Александр Герасимов - «Охранка». Воспоминания руководителей охранных отделений. Том 2
Запрошенный начальник Харьковского жандармского управления ответил мне, что Усов с женой ему неизвестны, и просил выслать их фотографии. Чтобы исполнить это требование, пришлось нарядить филера-женщину Хомутову, которая снабжалась для этой цели специальным фотографическим аппаратом в виде обыкновенного небольшого свертка-покупки и производила снимки с наблюдаемых на довольно значительном расстоянии и совершенно незаметно для них. Снимки были произведены увеличены и отправлены в Харьков, где в женщине была опознана бывшая курсистка Ракова, а в мужчине — Любович, приехавший нелегально из-за границы.

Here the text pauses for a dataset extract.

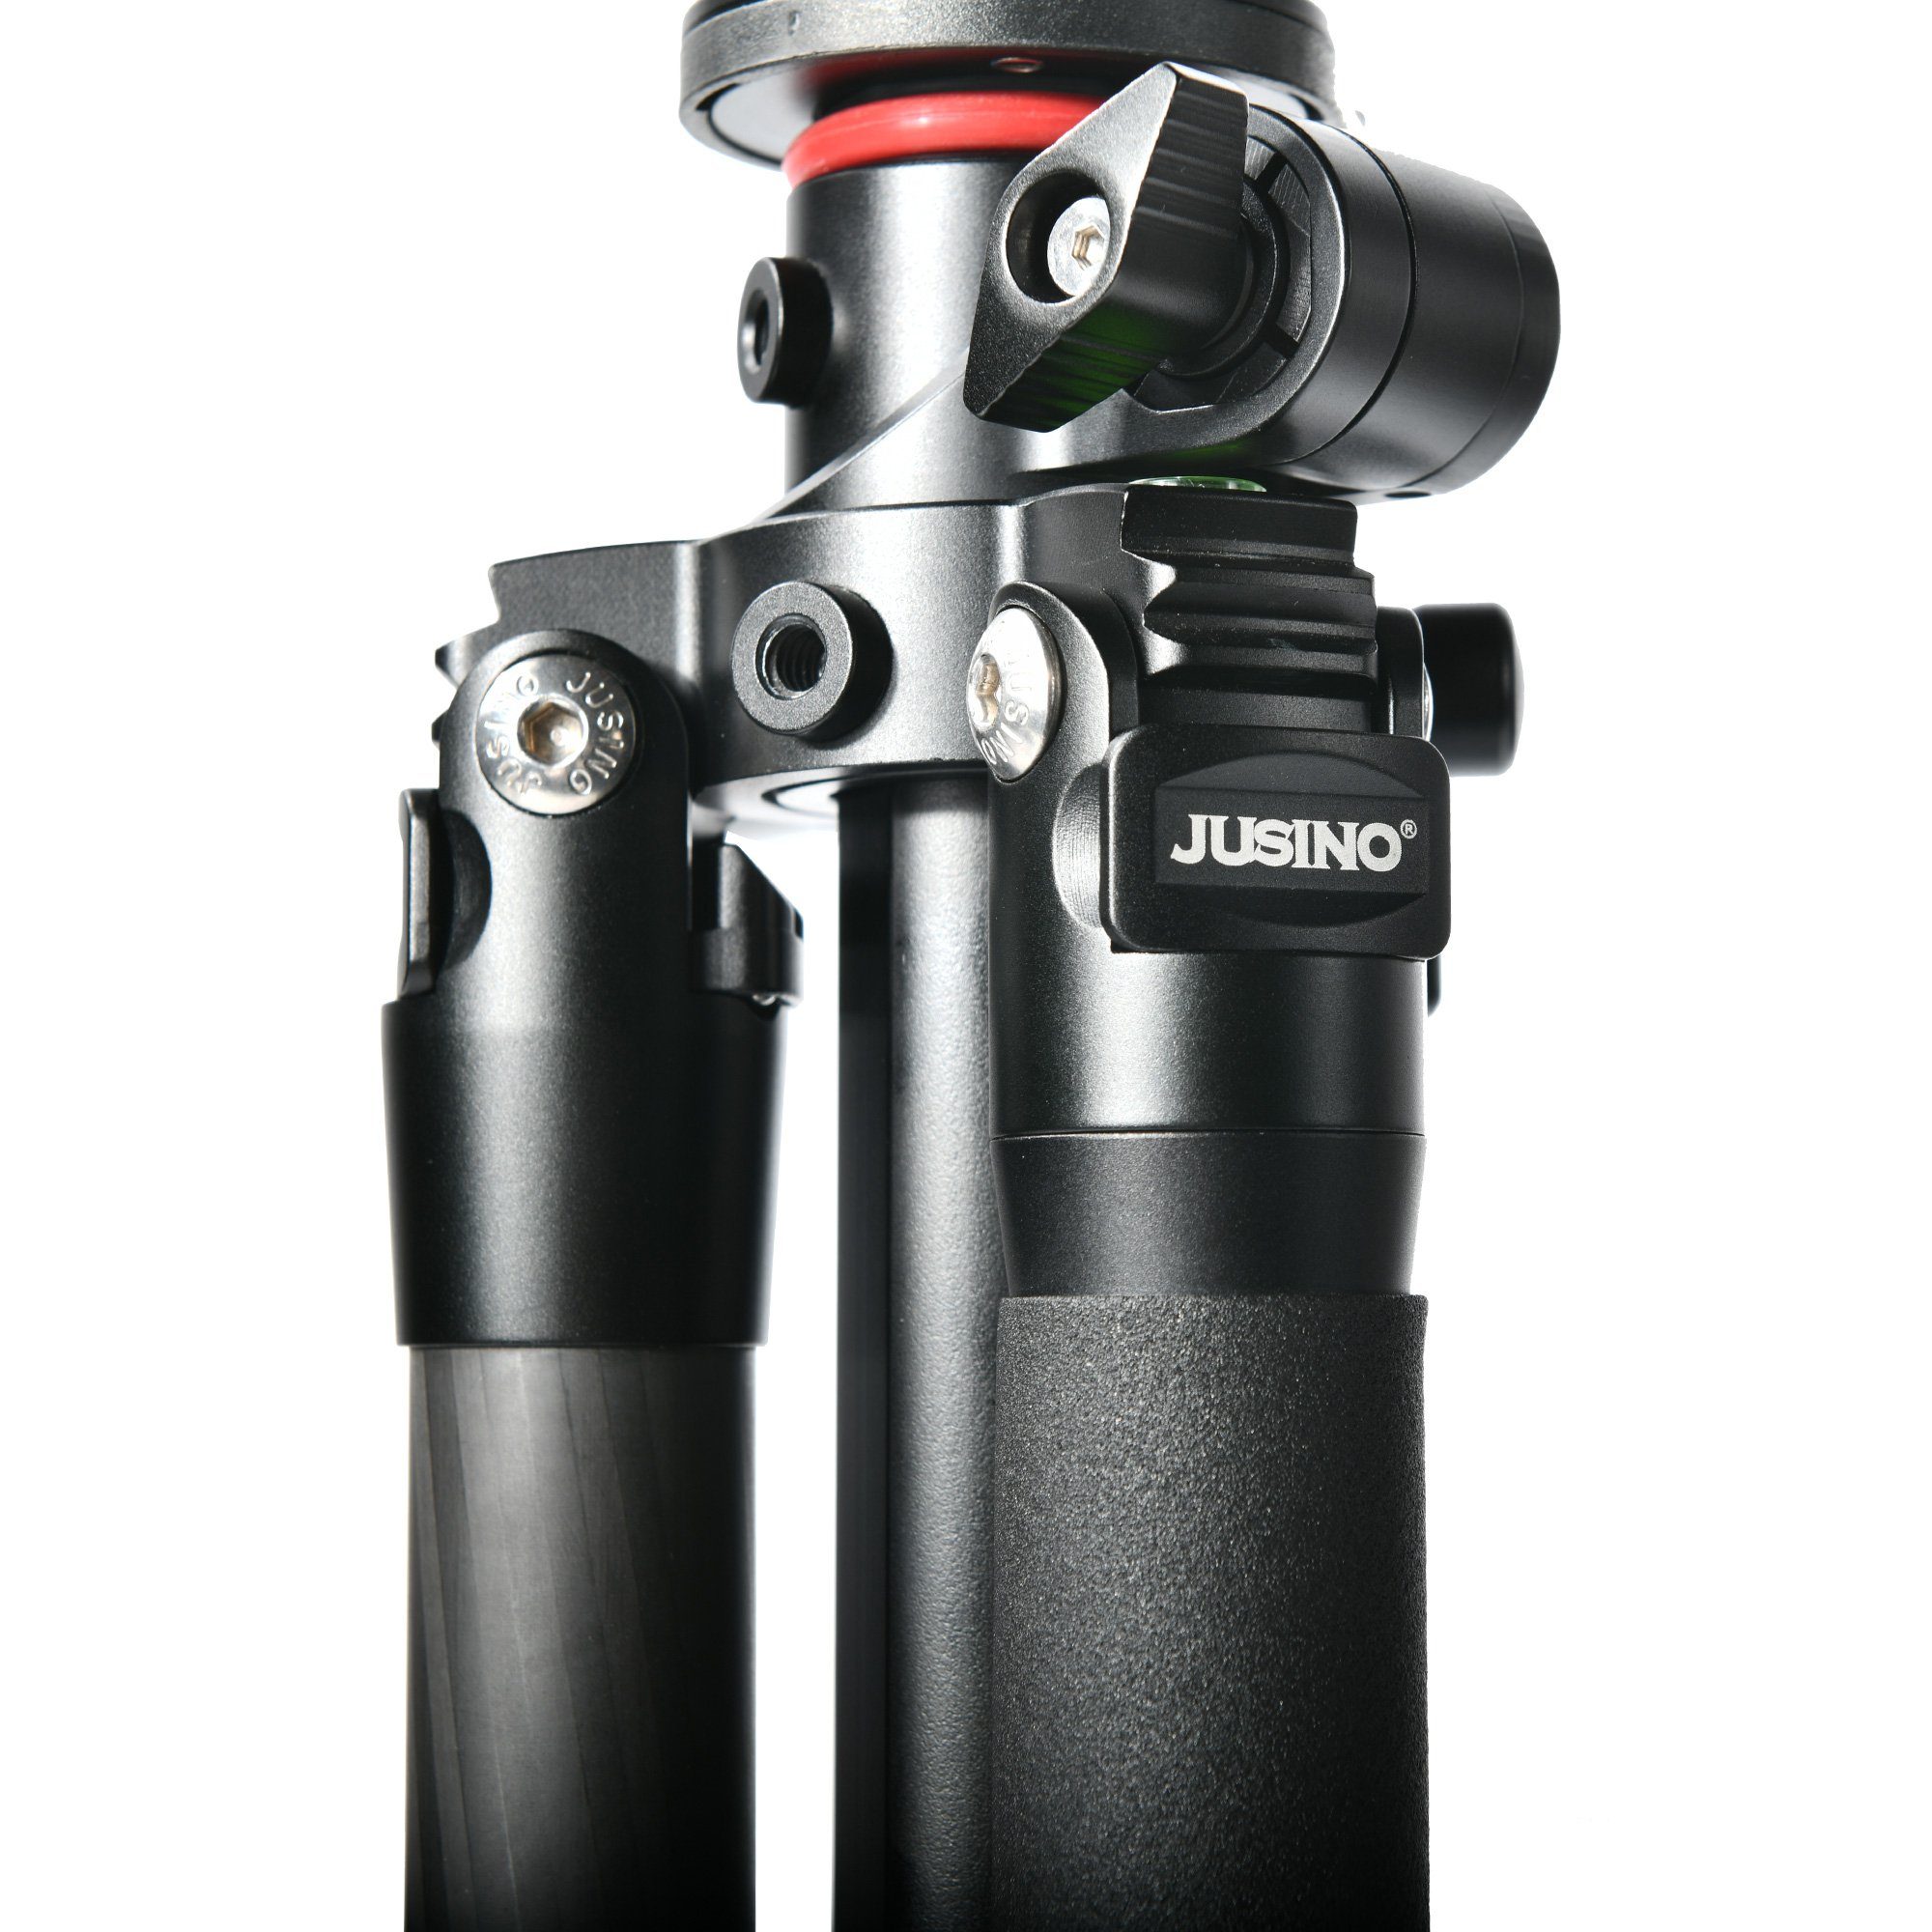 JUSINO GA-284C leichtes Karbon-Stativ flexible Höhe 170cm Max Dreibeinstativ Mittelsäule
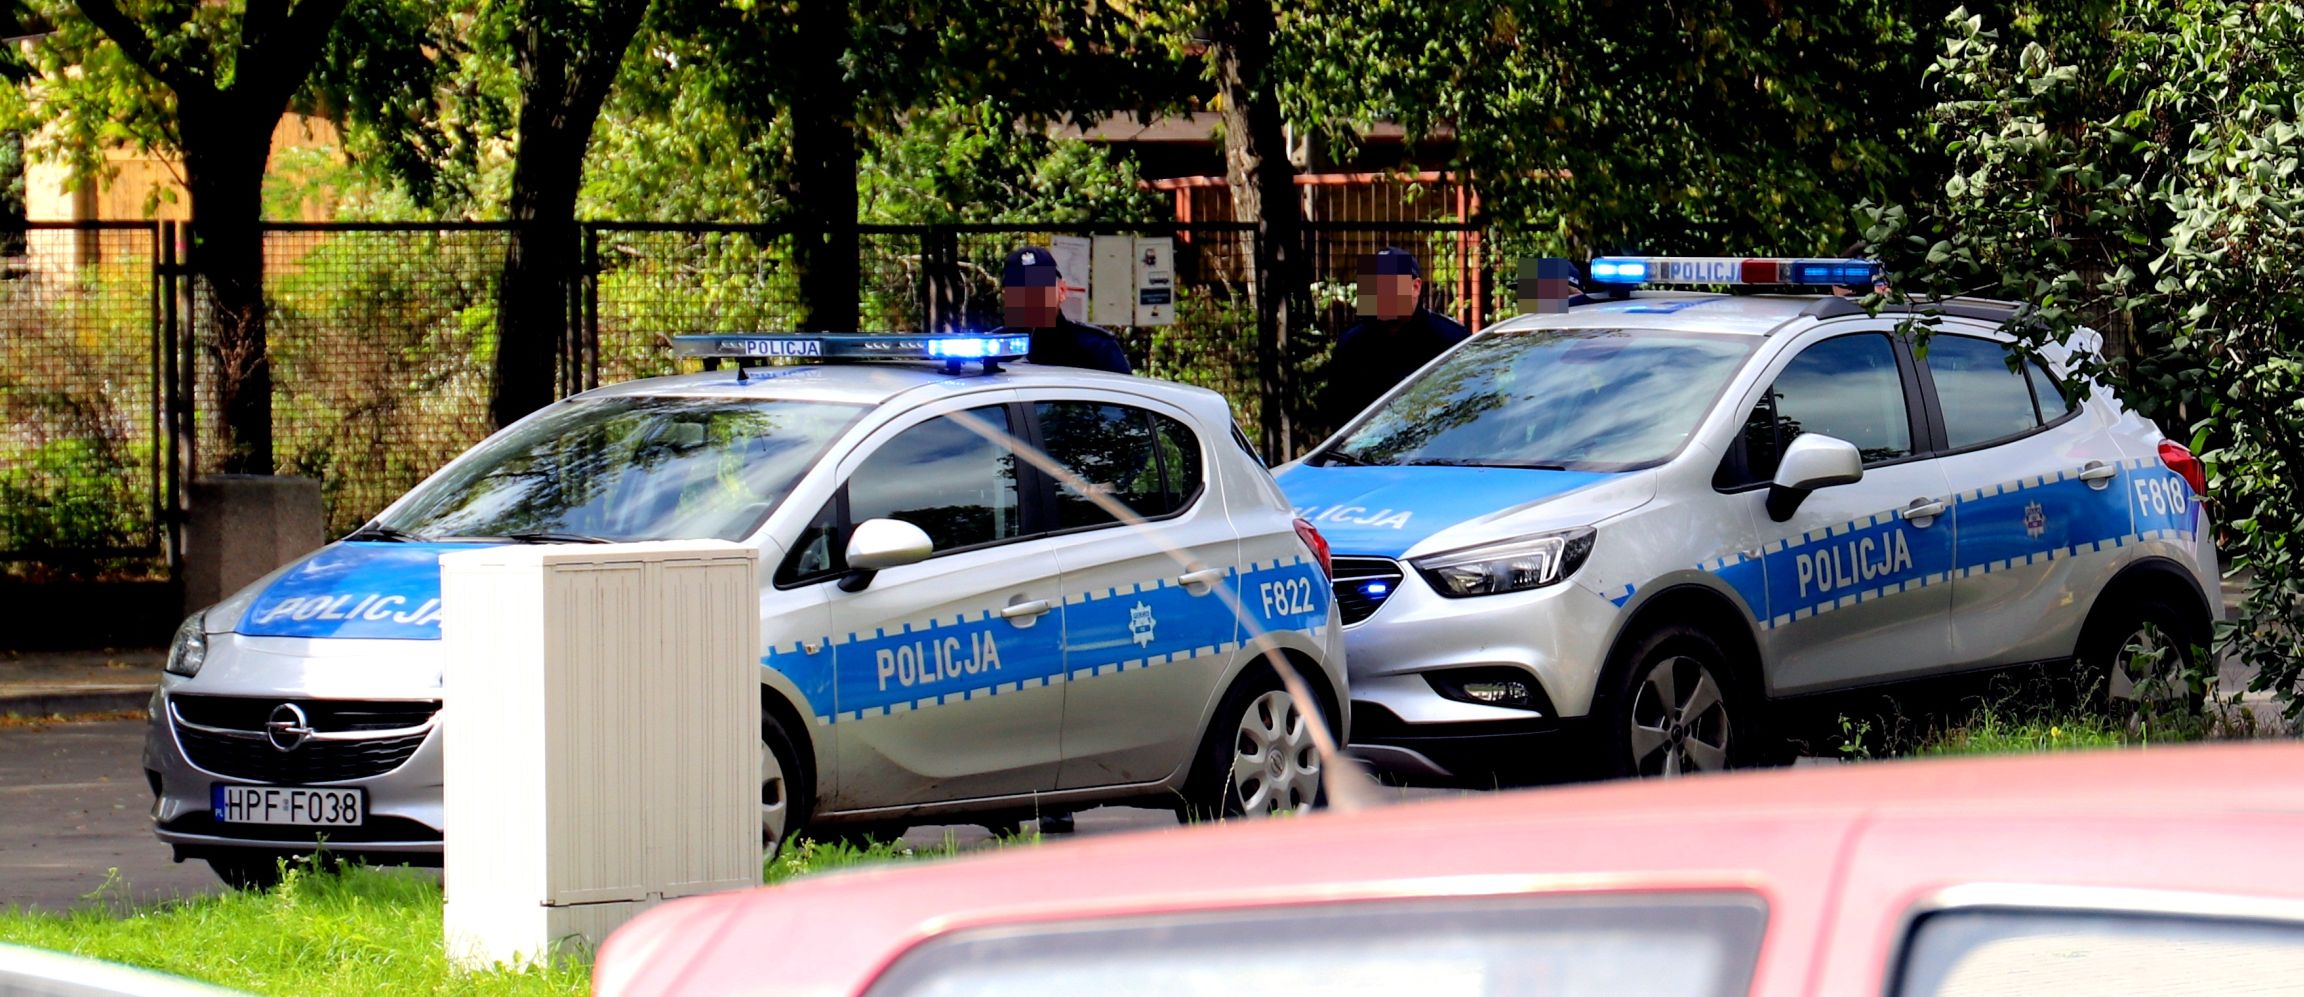 Apele kutnowskiej policji: "Uwaga na złodziei, pamiętajmy o reżimie sanitarnym" - Zdjęcie główne

Наблюдение было трудное, требовавшее тонкой работы со стороны филеров и большого с их стороны внимания, так как наблюдаемые были чутки и все время проверяли, не наблюдают ли за ними, хотя и ни с кем не встречались.
Тем не менее было отмечено, что «Молоток» ежедневно по нескольку раз выходил в находившийся неподалеку городской сад, даже в плохую погоду, и оставался там не менее двух, а иногда и до четыре часов, прогуливаясь или читая газету.
Это обстоятельство не могло не обратить на себя особого внимания, так как практика розыскного дела показала, что подобные прогулки обыкновенно совершают лица, изготовляющие динамитные разрывные снаряды.
Дело в том, что испарения динамита действуют разрушительно на слизистую оболочку и легкие, вследствие чего такому работнику необходимо чаще пользоваться свежим воздухом.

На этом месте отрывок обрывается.